_Work instructions_
Write out the entire listing below exactly as it appears, minus any pictures.

_Data extract_
• • • • •

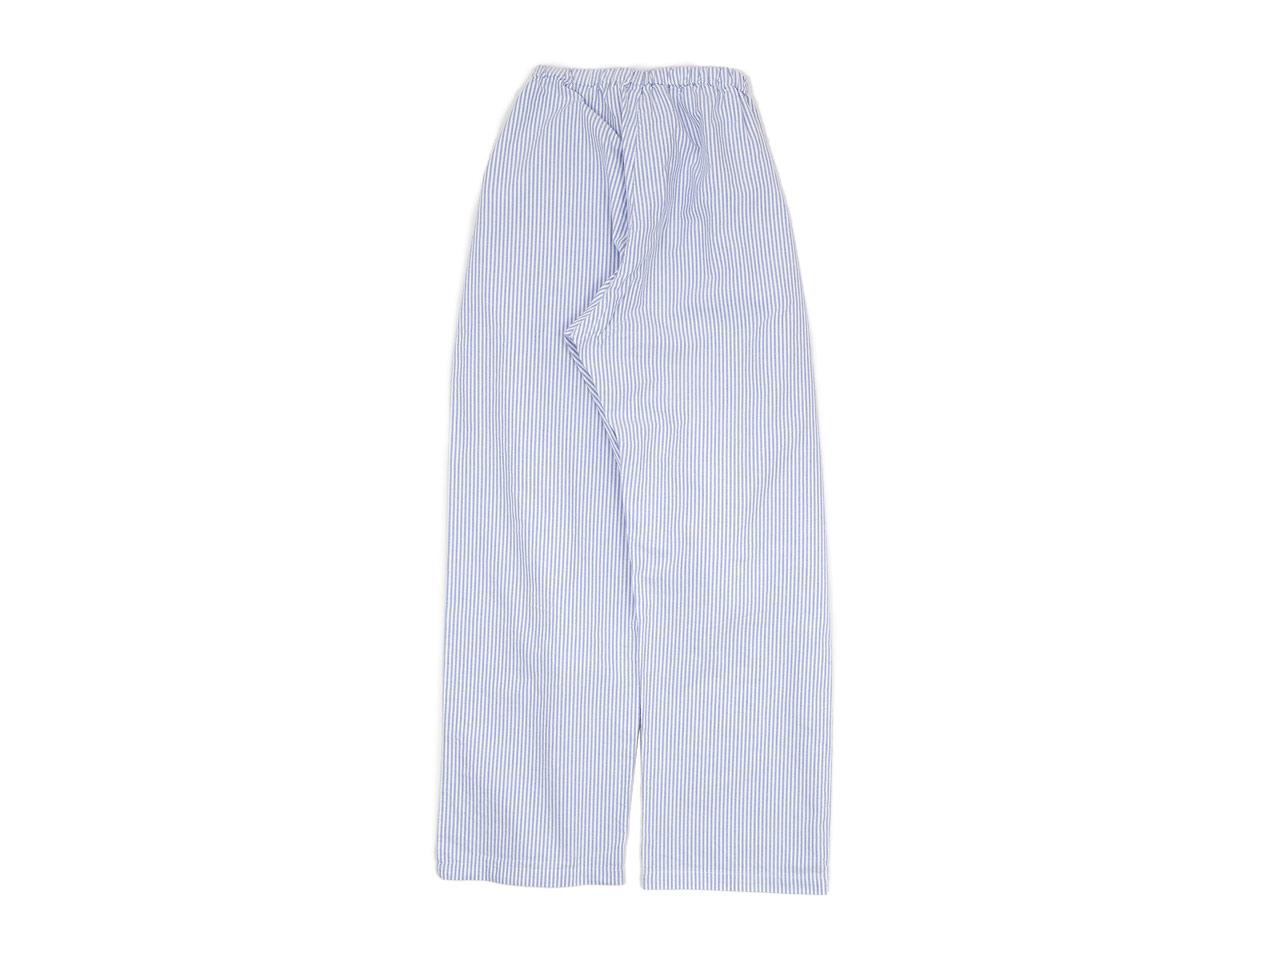 homspun コットンオックス パジャマ(巾着付き)
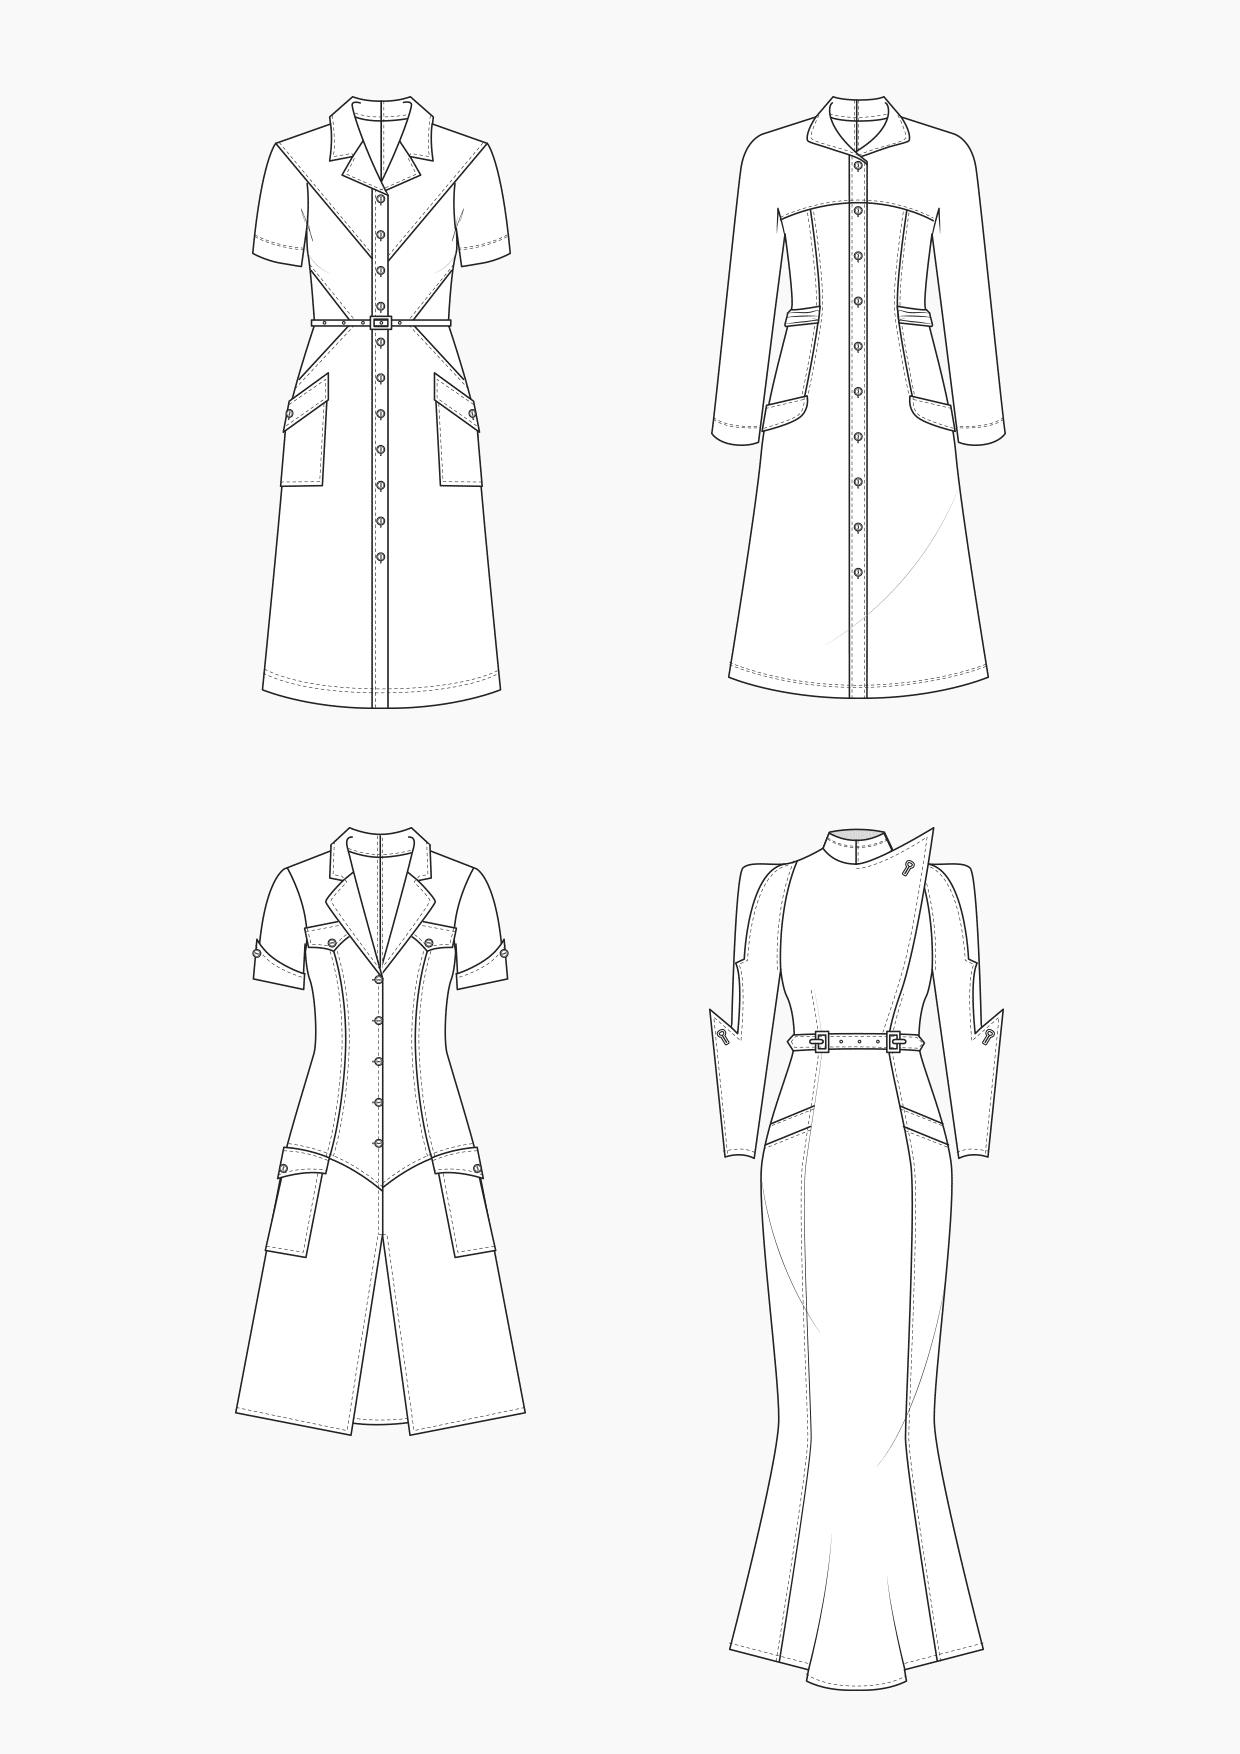 Produkt: Schnitt-Technik Hemdblusenkleider im Vintage-Look
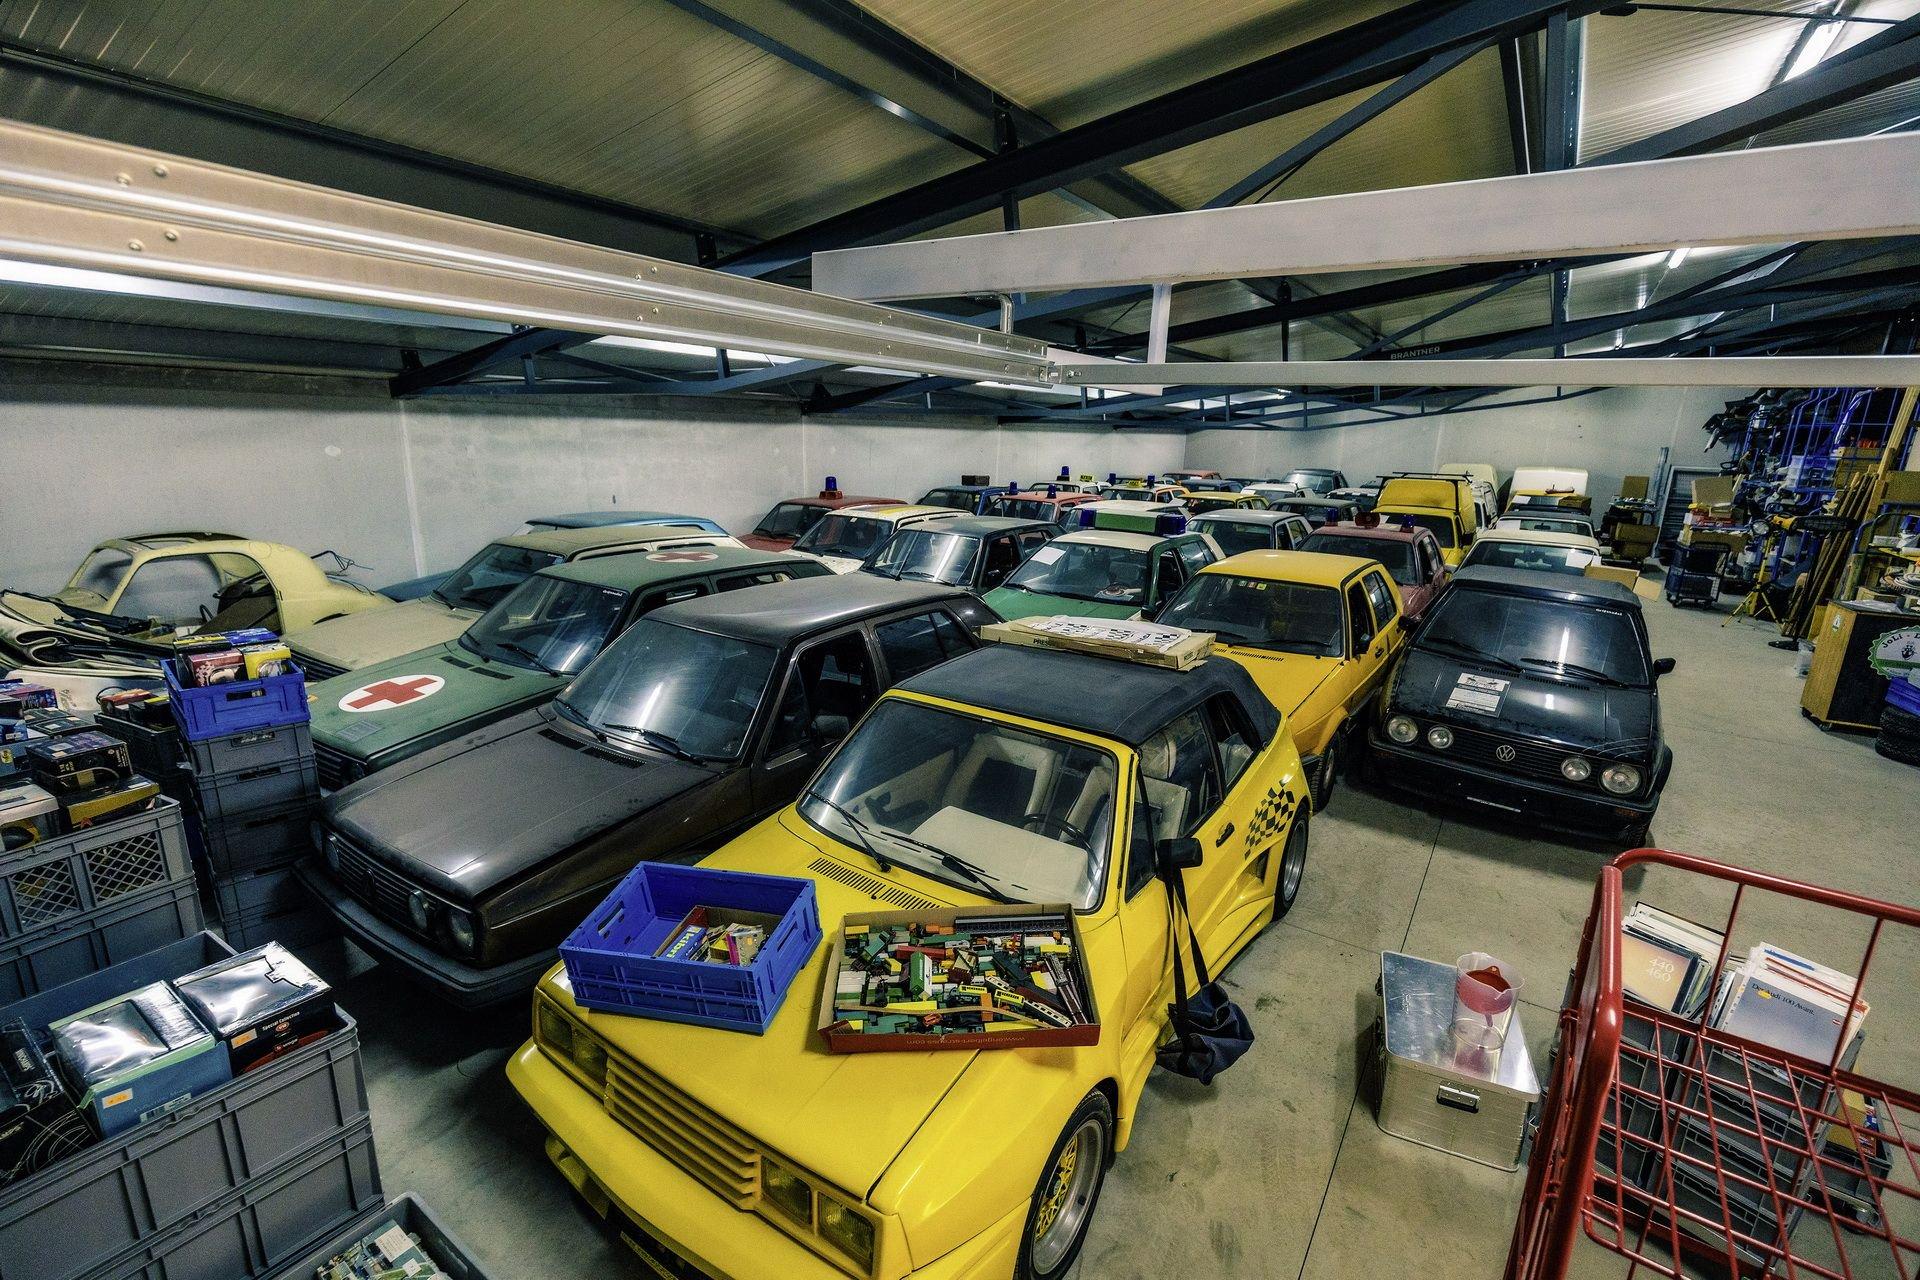 Photo of Ποια είναι η μεγαλύτερη συλλογή από VW Golf σε όλο τον κόσμο;

• • • • •

_The completed task_
 homspun コットンオックス パジャマ(巾着付き)
 Produkt: Schnitt-Technik Hemdblusenkleider im Vintage-Look
 Photo of Ποια είναι η μεγαλύτερη συλλογή από VW Golf σε όλο τον κόσμο;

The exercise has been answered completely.